Thus far we have discussed the laws of how an individual should deal with a lost item. How do these laws apply to institutions that cater to the public, such as synagogues and stores? Is the owner of the institution responsible to guard every item that is left in the vicinity?

The legal authorities write that such an institution has a right to make their own lost-and-found policy governing what will be done with objects left behind on their property. The owner may state that people enter his property on condition that anything they leave behind may be dealt with according to his judgment. It is common for institutions to have some kind of policy whereby anything left behind is placed in a lost-and-found room or cabinet for a certain amount of time. After that period, the owner may dispose of the item or do with it as he pleases.

In order for the policy to take effect, the institution must publicize it prominently so that everyone is aware of the rules. Further, it is preferable if the policy provides for someone to be responsible for asking a claimant for a simun. However, the institution is permitted to have a system whereby they allow claimants to reclaim the lost item without providing any proof.

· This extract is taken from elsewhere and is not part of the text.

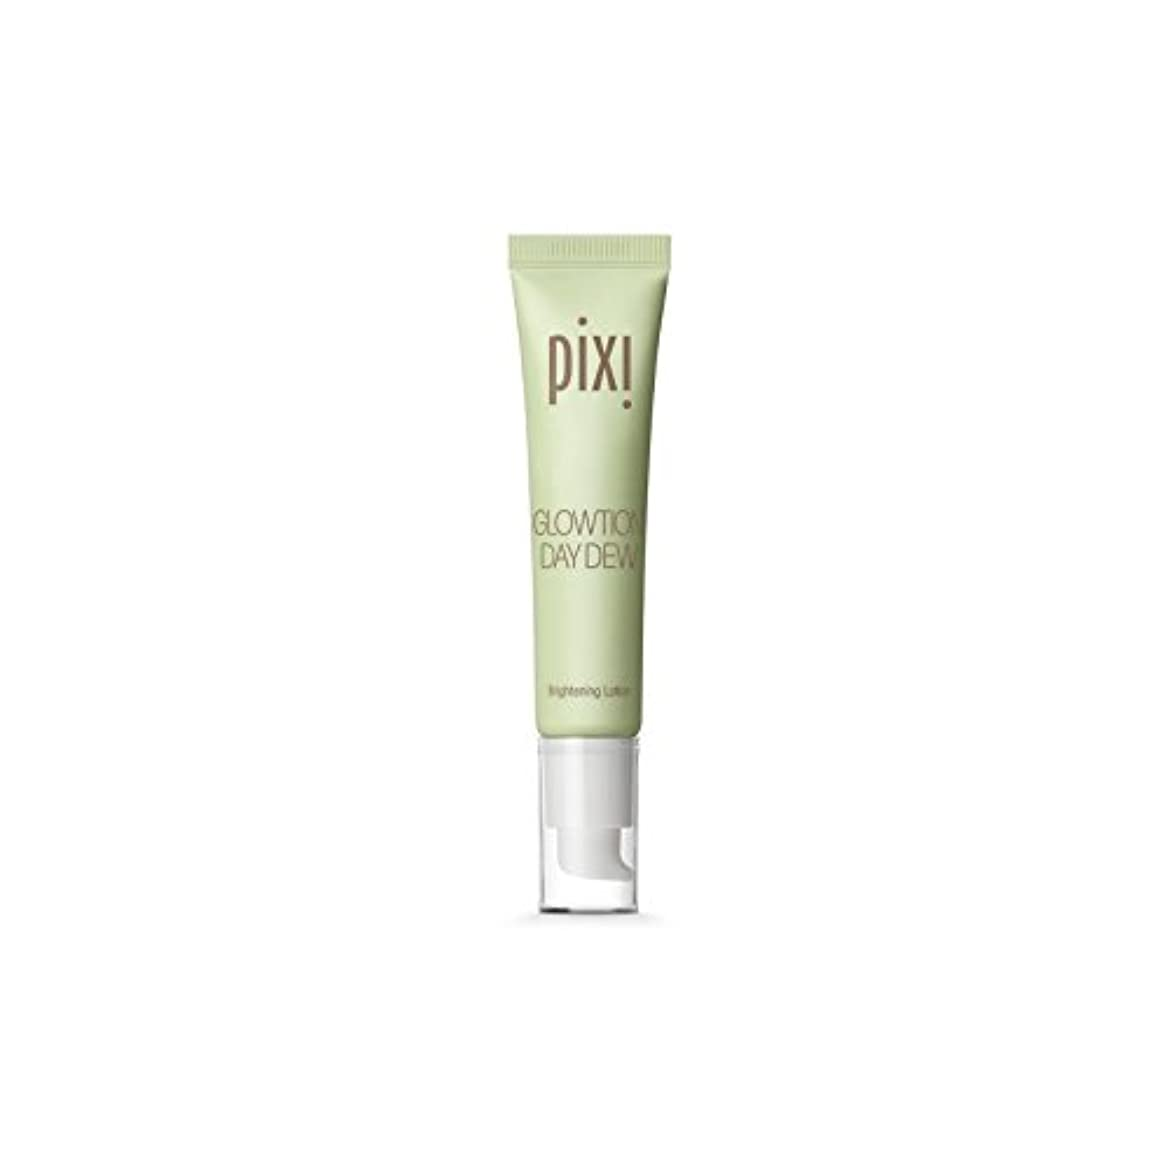 会計地域の読者日露 x4 - Pixi Pixi Glowtion Day Dew (Pack of 4) [並行輸入品]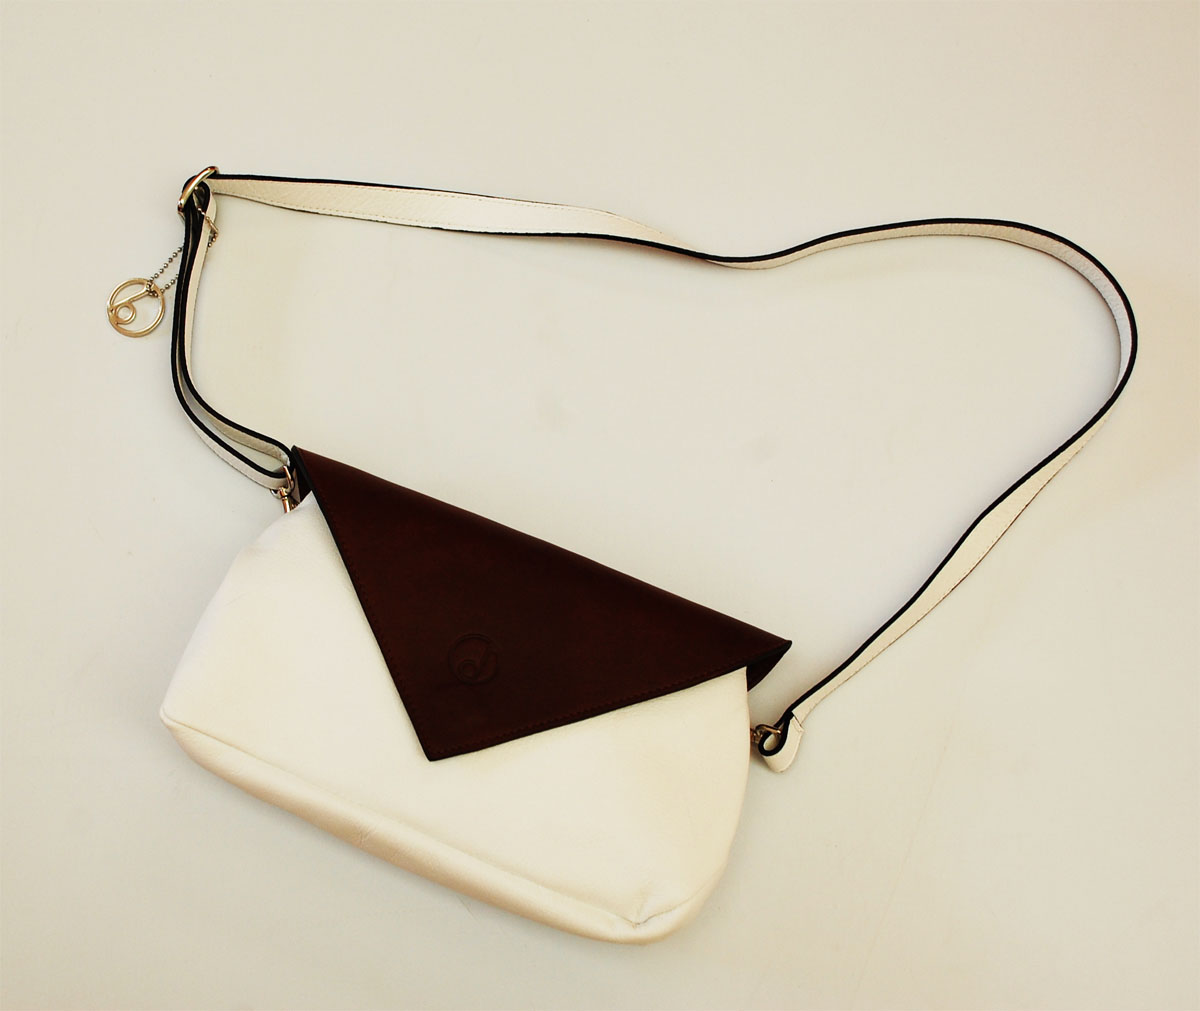 Pochette-Nina-summer16-bianco-marrone-4

There is another common question that arises in public places; On occasion it happens that a person comes to take his coat and sees that it was mistakenly taken by someone else. He sees the coat of the other person remaining on the hook. Is he allowed to take it in the interim before he informs the owner of the mistake? The authorities permit this because in such a case, it is customary for people not to mind if the other person uses theirs. Ideally any institution that has a coatroom where many coats are placed, should establish a switched coal policy. This should state that everyone gives permission to others to wear his coat in the eventuality that the wrong coat is taken. This policy should be posted in a public place.

*Much of the information for this essay is taken from "Halachos of Other People's Money" by Rabbi Yisroel Pinchos Bodner.